John Concepcion has always been in the food business, but from the consumer goods side. Starting his career as an Operations Manager in the family-owned and managed Swift Food, Inc., he then became President and COO of Selecta Dairy Products, and RFM Corporation’s Milk and Juice Division. John is currently the Managing Director and CEO of Unilever RFM Ice Cream.
In 2011, confident with years of experience in the Food & Beverage industry, he ventured into the restaurant business and set out to create a separate company, the Standard Hospitality Group.
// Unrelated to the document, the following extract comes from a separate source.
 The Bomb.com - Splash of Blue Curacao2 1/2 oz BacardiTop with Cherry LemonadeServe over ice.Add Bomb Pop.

“About 7 years ago, I was frustrated I could not find a good casual dining restaurant,” he recalls. “I went to Japan, discovered the single-dish concept, and fell in love with katsu.”
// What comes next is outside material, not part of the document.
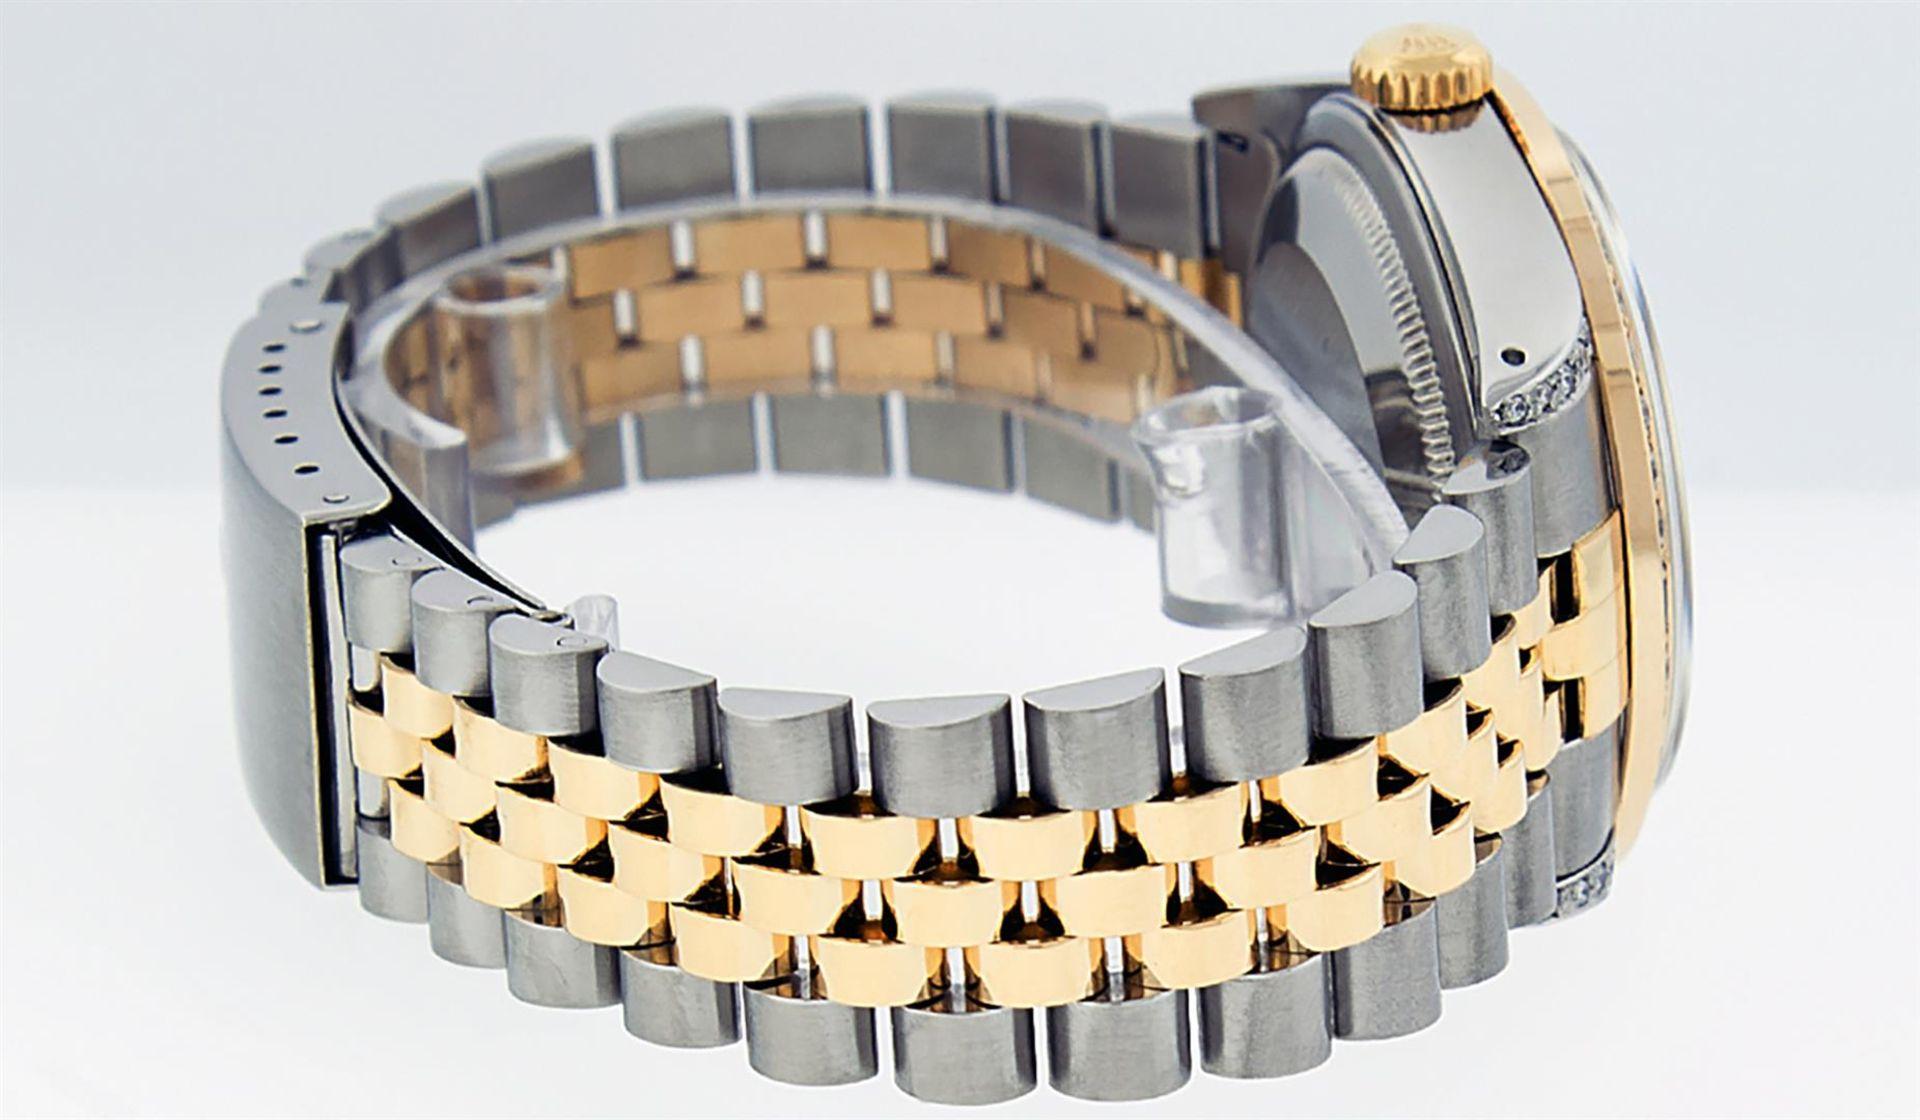 Rolex Mens 2 Tone Blue Vignette String Diamond Lugs Datejust Wristwatch - Image 3 of 8

John then “went back to Japan with my partner Gerry Santos and searched for someone who can teach us. On our last day and our last store, we found Kazuya, and created the Yabu brand.”
He then shared the single-dish concept with other potential partners, but they did not seem to understand. John then met Steven Tan and he loved the idea.
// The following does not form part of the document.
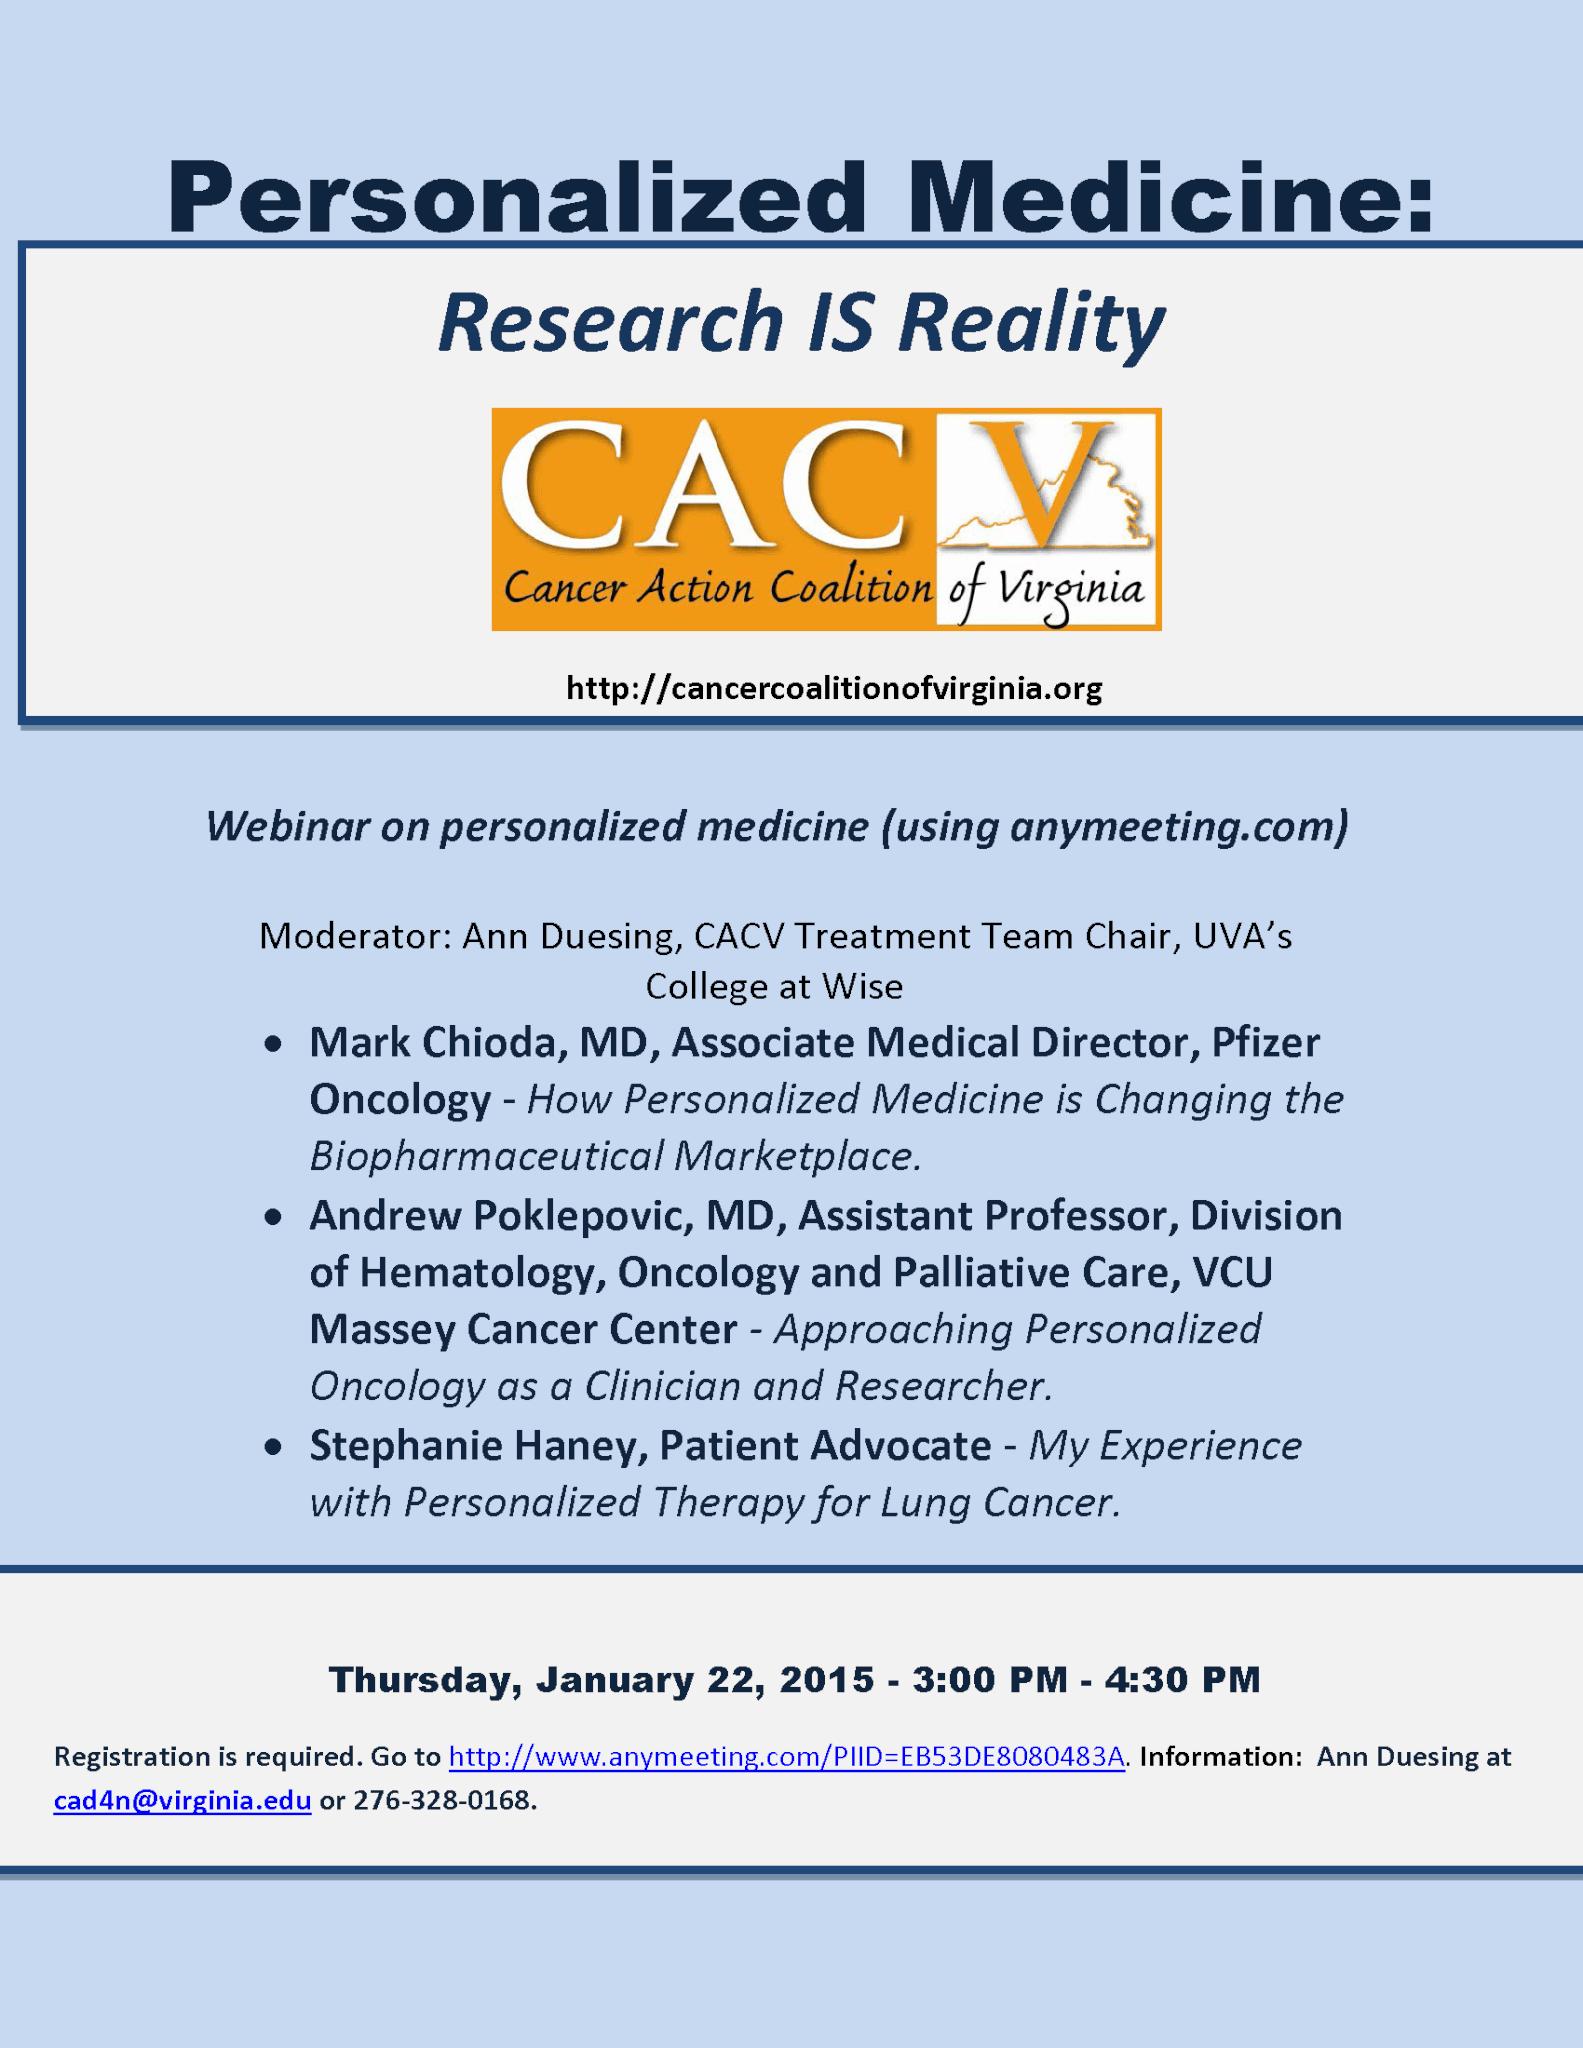 CACV Treatment Team Webinar flyer

“SM believed in us and our vision and gave us a prime location even we were untested,” says John. “SM has always been supportive, always seeing the big picture. That’s why our maiden branches have been with an SM mall.”
The first Yabu restaurant opened at SM Megamall in 2011, and it was packed. In the next three months, they expanded the store. By July 2014, Yabu sold its one millionth katsu, and today, is the country’s leading katsu restaurant.
In 2014, the Standard Group partnered with the globally-recognized ramen brand Ippudo, which is dedicated to serving a wide variety of authentic ramen. Ippudo Ramen opened its first outlet in the Philippines at Mega Fashion Hall in the same year. By October 2016, Ippudo had sold 500,000 bowls of ramen, and has grown to become the brand’s best operator globally.
In December 2016, the first Mighty Quinn in the Philippines opened at Mega Fashion Hall. New York-based Mighty Quinn Barbecue combines and applies noted barbecue techniques onto a medley of beef, chicken and pork. The dance of seasoning, spicing and smoking results in meats that are telling of Americans’ fundamental southern barbecue flavors.
John attributes the company’s growth to “focus, investing in systems and people, and being consumer-oriented.” Of course, there is the group’s single-dish concept, as well as a robust business planning process patterned after multinationals’ systems. They also hire “high-caliber people not just from the restaurant business but from FMCGs to bring in the discipline of doing things right the first time.”
Today, the Standard Group, with its partnership with SM, continues to create memorable dining experiences through single-dish concepts, paired with unparalleled hospitality.